After lunch by a creek we walked on down to the road but not before I realised I had lost a Croc in the bush having secured it to the outside of my pack. Jen suggested that Ben may find it on his way through but I was resigned to having lost it after only one river walk. It was very warm by the time we reached the end of the track, so a swim in the creek was a higher priority than walking on a busy, windy, coastal road. The water was truly bracing but welcome and we stayed there for awhile rather than taking on the long road walk ahead.
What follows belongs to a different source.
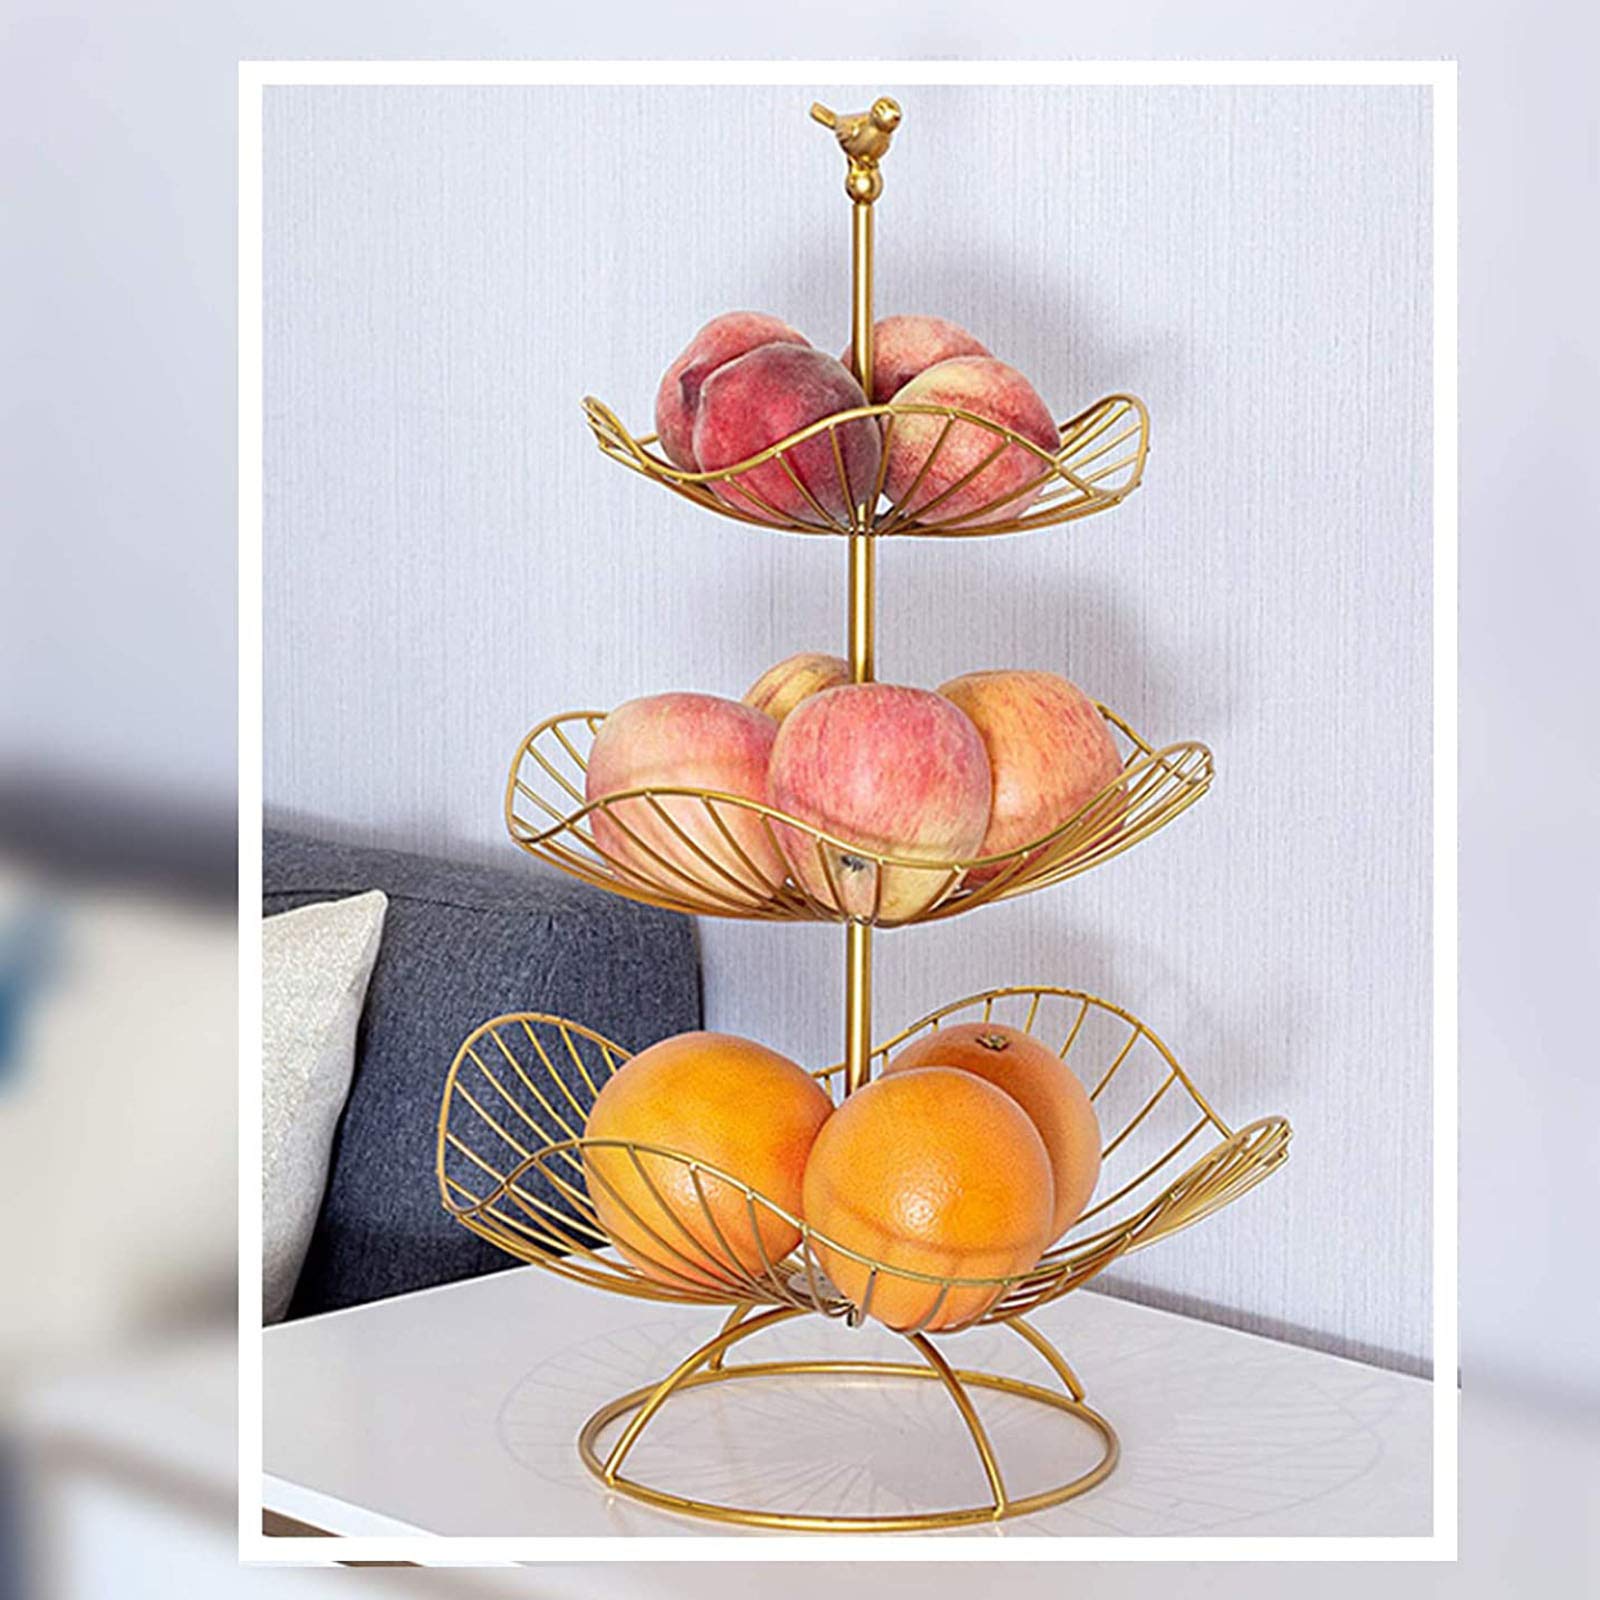 MINIDUo 3 Tier Fruit Basket,Metal Fruits Vegetable Bowl Desserts Candy Buffet Plates Serving Tray for Family Dinner Birthday Party Wedding-Gold,LotusLeafBlack

We walked on down the road for a few hours before reaching Helena Bay which Jen absolutely loved. We managed to camp at the disused school for $5 each by asking at the house next door. Then, Jen got a text from Ben reading: "I have Lance's left Croc." Trail magic really does happen. Apparently, Ben was now walking with Joe O'brien (who, incidentally, is now ridiculously far ahead of us) who spied my missing flipper amongst the undergrowth, exclaiming "that is a huge Croc!" I was really stoked and this former Croc mocker slept well in the knowledge of a safe sandal.
The following day involved a solid road walk up to a bush track that seemed to cross a couple of private properties. It was hard going toward the end and the spiders had put every web right at my face height. We pushed on down out of the bush and across a farm containing curious cows out to the road. By this stage both Jen's and my GPS had gone flat but we managed to figure out the right path to the campground at Whananaki which was pretty
good but a little pricey.
The following day we waited for Ben and Joe to join us late morning and moved out across the longest foot bridge in the southern hemisphere. We followed the path around some stunning little private beaches and through farmland on down to Matopouri where I was meeting my lovely lady to spend labour weekend in Whangarei. We were all pretty happy to be getting into a vehicle. There is no camping in Matapouri so we dropped Ben, Jen and Joe at the holiday park in Tutakaka and made our way to Whangarei for a spa at the hotel.